So I don’t think Braden Holtby is going to win the Vezina for the league’s best goalie. He probably won’t join Brodeur and Hasek and Roy in the pantheon of back-to-back winners, which is a bummer, but Sergei Bobrovsky has had an excellent season making the Columbus Blue Jackets look better than mediocre, which is what they are. Bob deserves it.
That’s okay. We will just find other things to appreciate about Holtby — like his inhuman consistency.
First, the case for Bob over Braden. I’ll start by saying it’s close. They’ve had similar workloads.
Bobrovsky has been slightly better during 5-on-5 but has really distinguished himself with his 90.5 save percentage during the penalty kill, when Columbus has been pretty bad (bottom five in expected goals against). Meanwhile, Holtby has struggled while a man down, getting a weak 84.0 behind the league’s highest opponent shot rate during the PK.
That’s been the main discriminator and the reason why Bob is the Vezina favorite whether you go by basic numbers like save percentage and wins or by quality-based metrics, like DTMAboutHeart’s expected save percentage and expected goals saved.
So, again, I’m fine with it. Some weak penalty killing has quashed Holtby’s claim, and that’s okay. But in breaking down Holtby’s performance by game state, I was blown away by something.
Holtby had a 93.15 save percentage during 5-on-5 in his first season, and he’s stuck right around there ever since. It’s nuts how stable he is.
|Season||Save percentage||Shots faced|
With a low of 92.7 and a high of 93.5 (this season, woo), Holtby has been astonishingly consistent.

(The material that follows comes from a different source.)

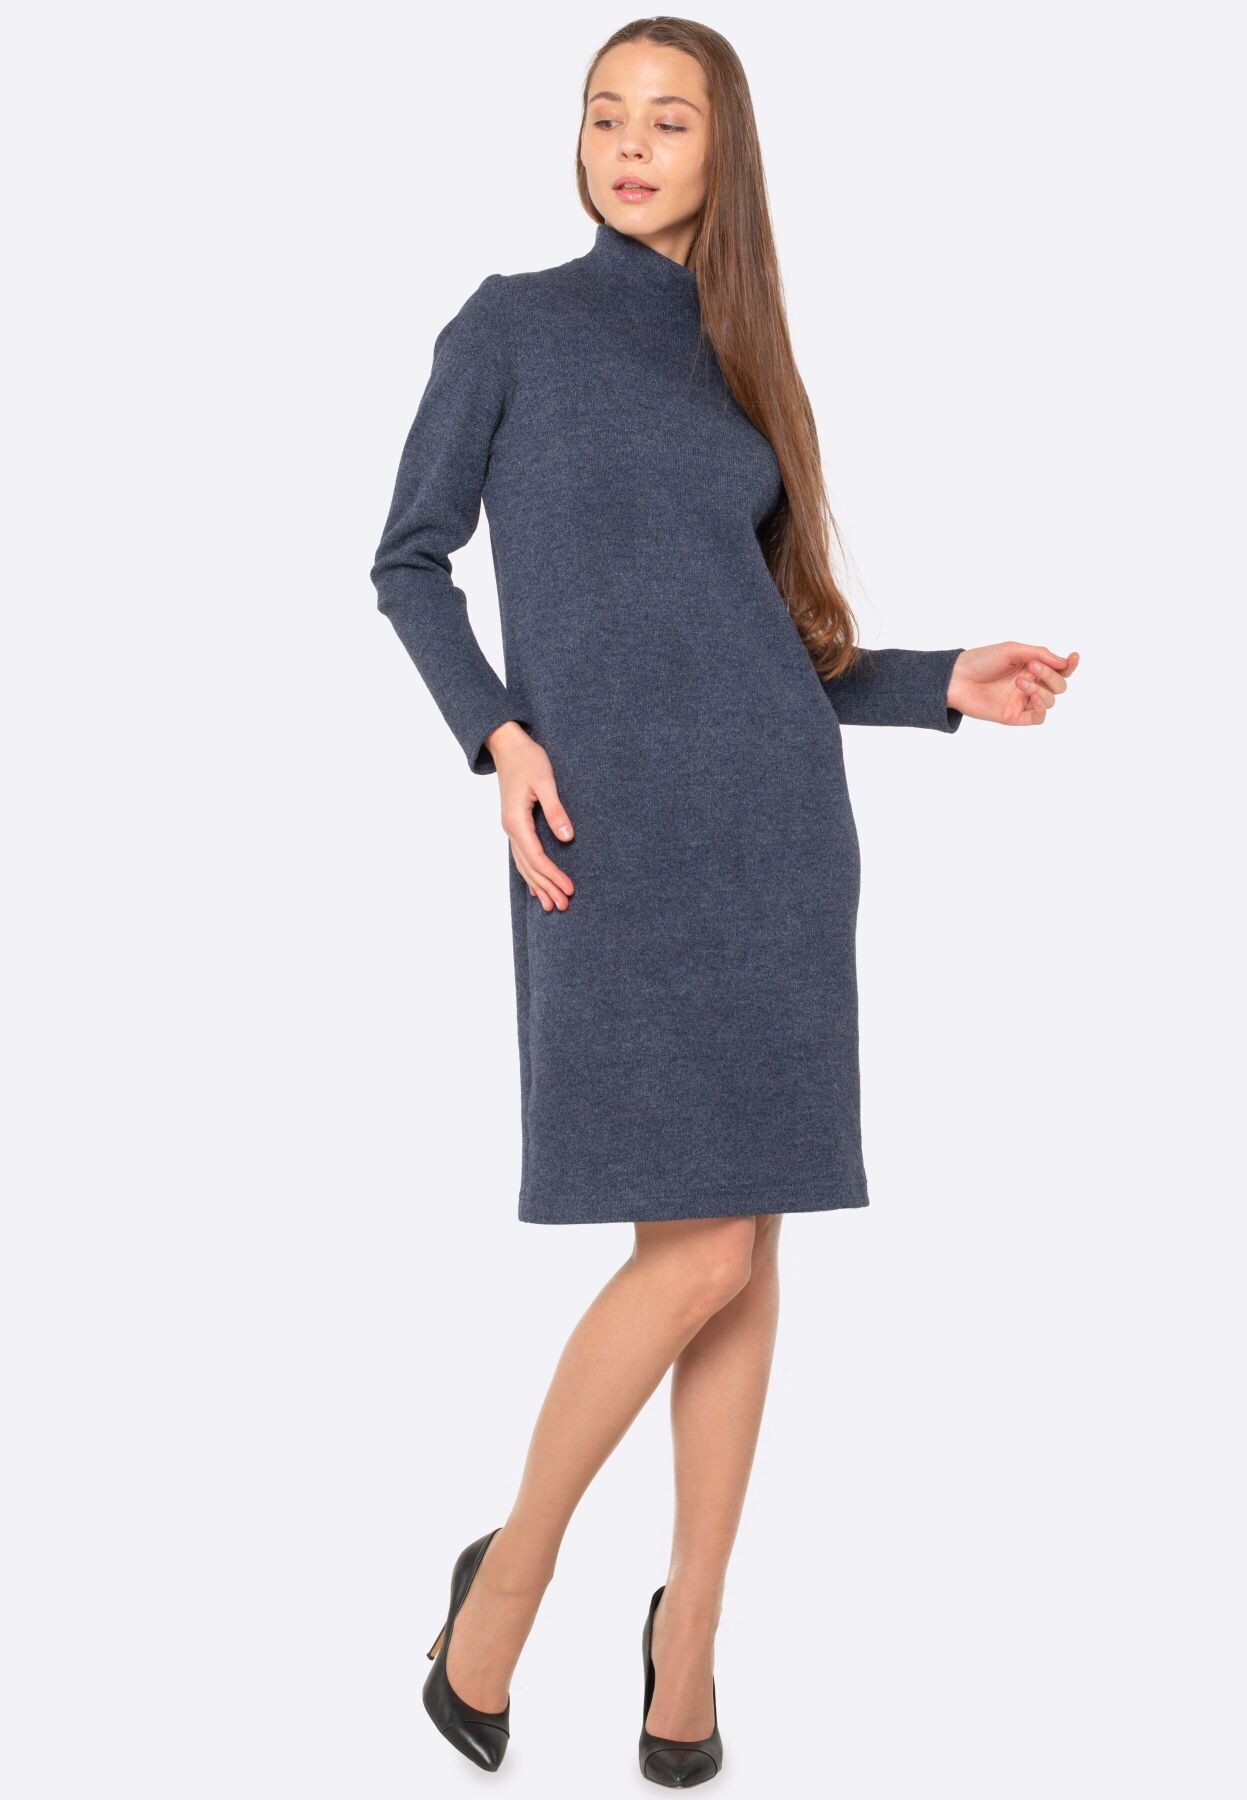 Warm blue-gray sweater dress 5672

Goalies just don’t do that. They’re a streaky bunch, but see how Holtby (in red) compares to goalies who faced at least 500 5-on-5 shots per season.
Everyone else is up and down, but Holtby’s reliable as hell. The only player with a smaller standard deviation in his 5-on-5 save percentage is Calgary’s Karri Ramo (0.1). Holtby is 0.2 but has the added virtue of being good as well as consistent. You have to put 15 shots on Holtby before he’ll give you a goal. Only Carey Price has done better over the whole range, and I’m not sure anyone would bat an eye over the 6 extra goals Holtby gives up every 10,000 shots.

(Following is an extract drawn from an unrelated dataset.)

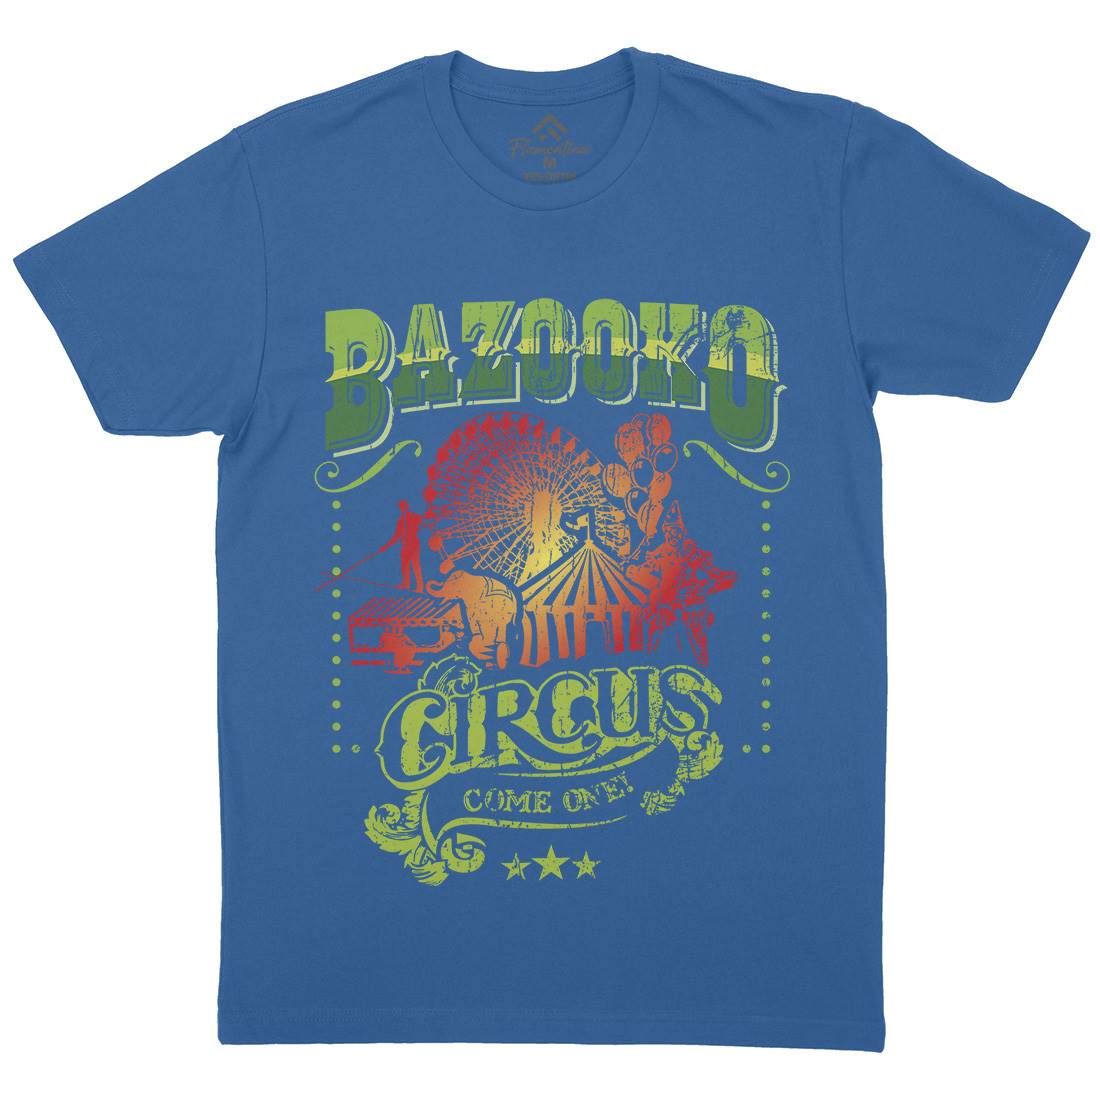 Bazookos Circus Mens Crew Neck T-Shirt Retro D254

When Holtby won the Vezina in 2015-16, team defense and goal support allowed him to rack up a ton of wins. He hasn’t had those advantages this season and his PK work leaves a bit to be desired, but during even strength Braden Holtby is still the best bet in the National Hockey League.
Headline photo: Amanda Bowen/RMNB
P.S. Consistency is not the same thing as goodness. Holtby’s consistency is good because he is consistently good. If he were good at being consistently bad, that would not be good.